Diferențe între RO la prima trecere și RO la a doua trecere

Reverse osmosis (RO) system is mainly designed to remove all kinds of solvent solids, colloids, and organics. How to select the right membrane element? These following facts should be taken into consideration, including salinity of feed water, rejection rate, good chemical stability, higher anti-pollution quality and good mechanical intensity.

According to the times of raw water passing through the RO membrane, RO device is classified into the 1st pass, 2nd pass and even multilevel pass RO device. 1st pass and 2nd pass RO are generally used, so what the difference between 1st and 2nd seawater RO plant.
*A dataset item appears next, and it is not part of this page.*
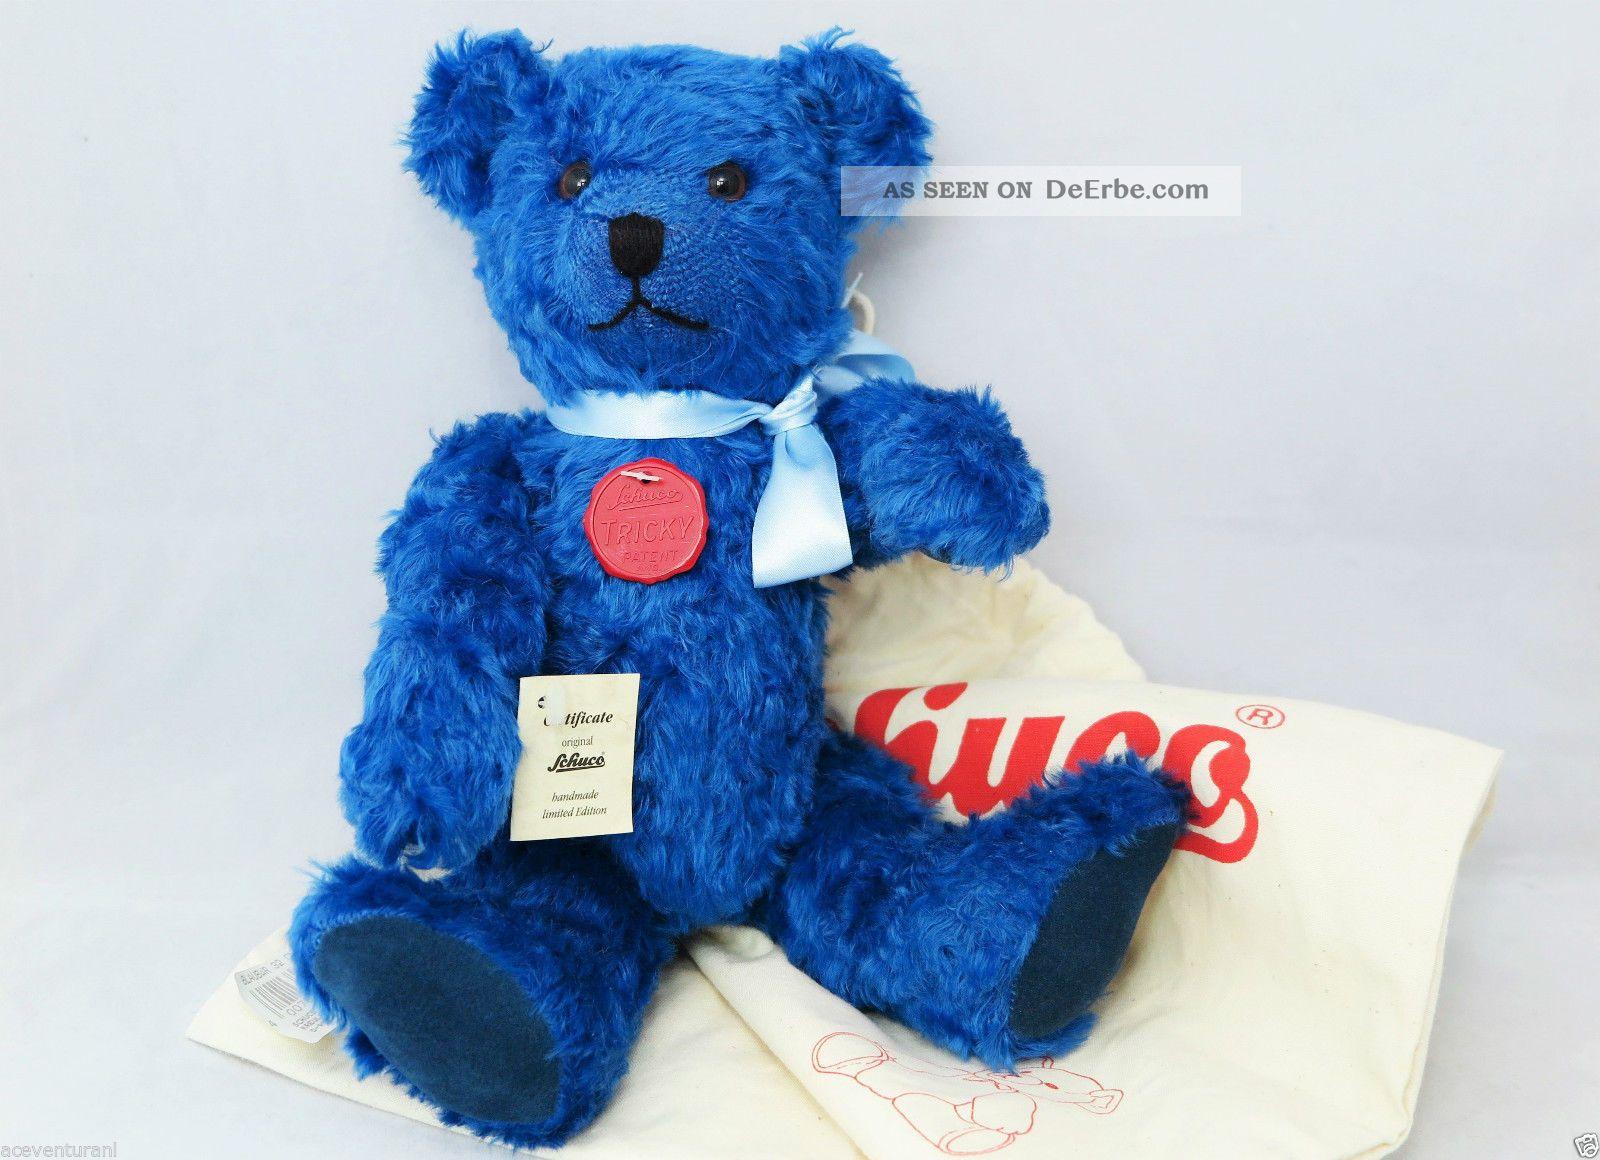 Schuco Tricky Blau Bär Nr.  09052 - Lim.  Ed.  388/500 - In Ovp (1997) Blue Bear Stofftiere & Teddybären Bild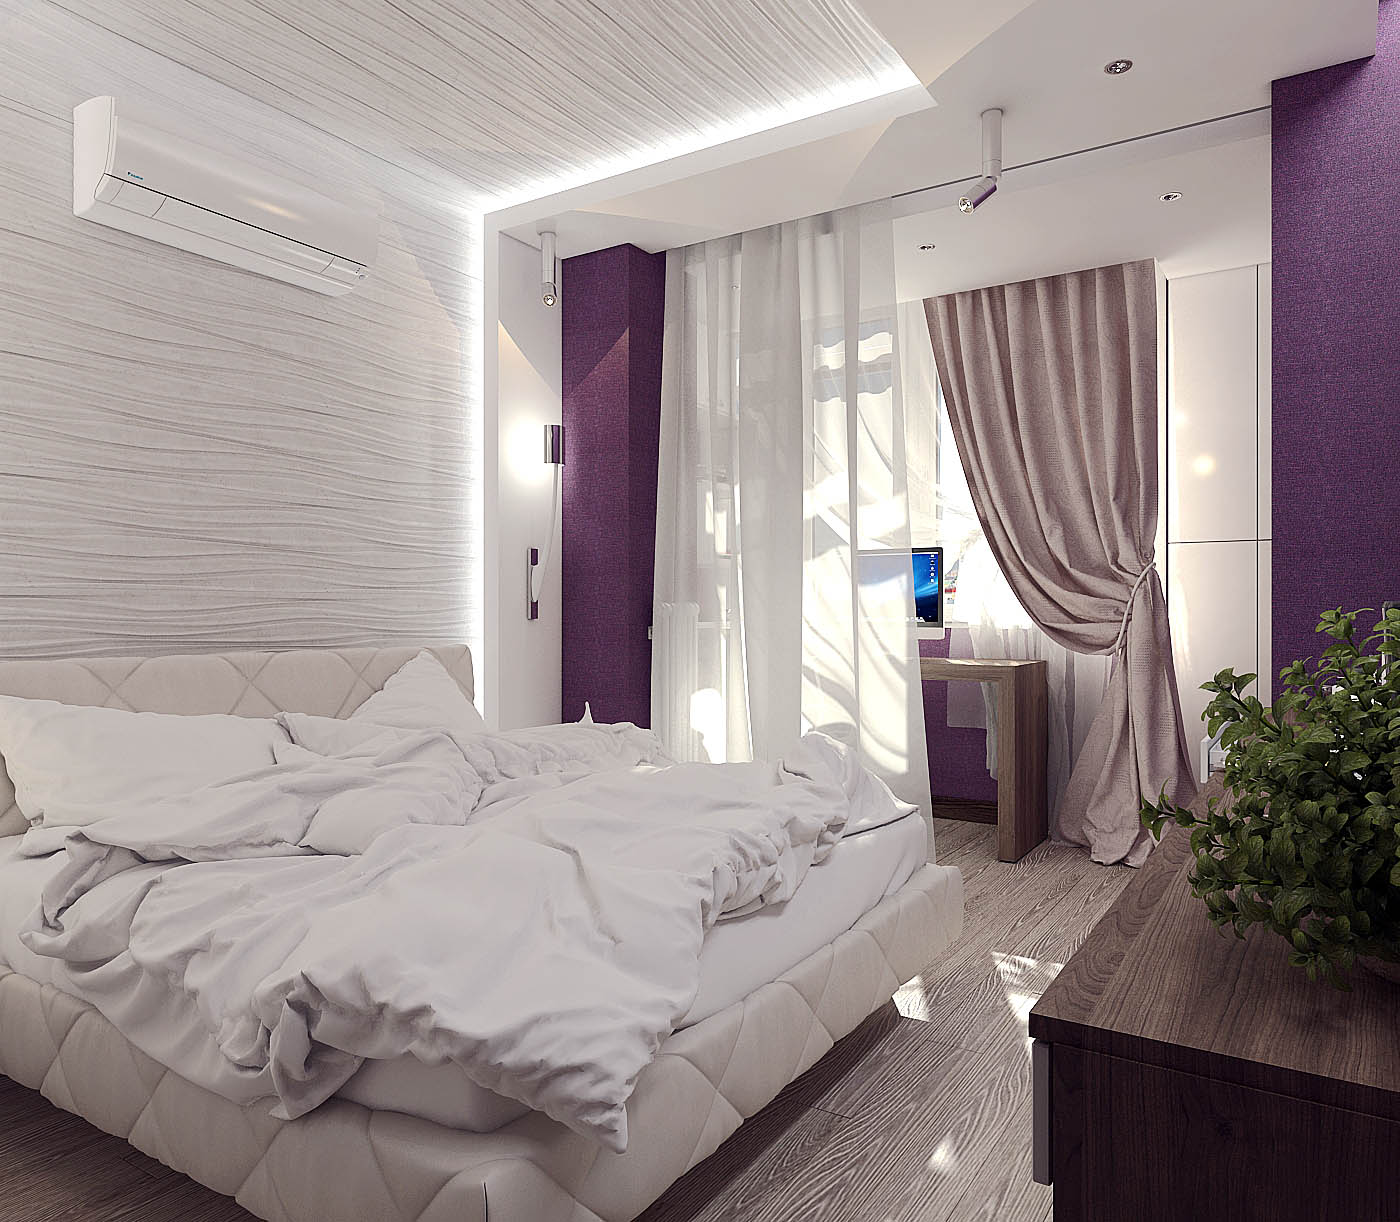 дизайн спальни для молодой пары фото маленький

1.Difference in technological process

Single-stage RO system: Employs a “pretreatment + single-stage membrane separation” basic architecture. Raw water sequentially passes through pretreatment units such as a multimedia filter (removing suspended particles), an activated carbon filter (adsorbing organic matter and residual chlorine), and a 5μm security filter (fine filtration), then is pressurized by a high-pressure pump (typical pressure 1.5–2.5 MPa) and enters the single-stage RO membrane module. During this process, the water flow is separated into two streams: product water and concentrate. The product water enters the storage tank, while the concentrate is either directly discharged or partially reused.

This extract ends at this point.